The Ferrers School is a coeducational secondary school and sixth form with academy status, located in Higham Ferrers, Northamptonshire, England, UK.

The school was founded in 1980. It previously held specialist status as an Arts College, and changed its name to The Ferrers Specialist Arts College for a time. After converting to academy status in September 2013 the school changed its name to The Ferrers School.
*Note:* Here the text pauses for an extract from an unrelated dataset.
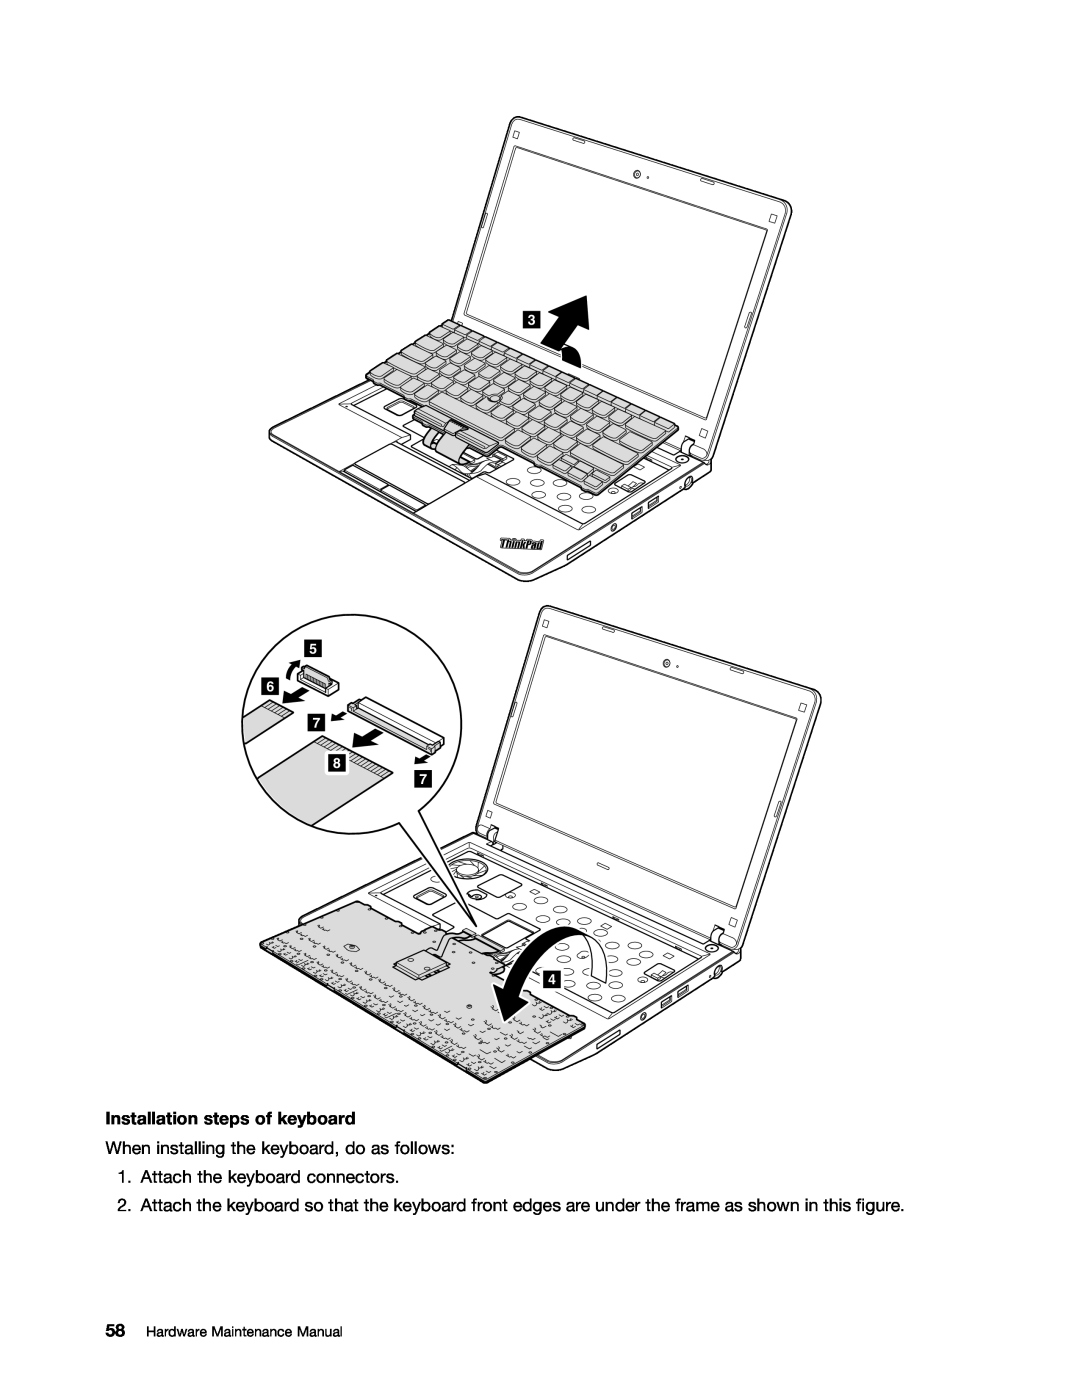 Lenovo E30 Installation steps of keyboard, When installing the keyboard, do as follows, Attach the keyboard connectors

The headteacher is Angela Smith. There were approximately 930 students in Years 7 to 11 on roll in the 2011-2012 academic year, plus around 160 students in the sixth form, which is shared with two other local schools. There are 77 teachers (full-time equivalent) and 54 support staff.

Feeder School
The school admits its Year 7 pupils from Higham Ferrers Junior School and Henry Chichele Primary School, as well as numerous primary schools in surrounding villages, and from Rushden.

Sixth form provision
The school does not produce enough sixth form students to make an independent sixth form viable, and so it is part of the East Northamptonshire College with two other local schools (Huxlow Academy and Rushden Community College).

Achievement
In an Ofsted report in 2015,  the school was deemed to be providing a "Good" quality of education in all main areas (Leadership and management, behaviour and safety, quality of teaching and achievement of pupils). In the same year the school achieved results of 46% of students gaining at least 5 GCSEs at C grade or above including English and Mathematics.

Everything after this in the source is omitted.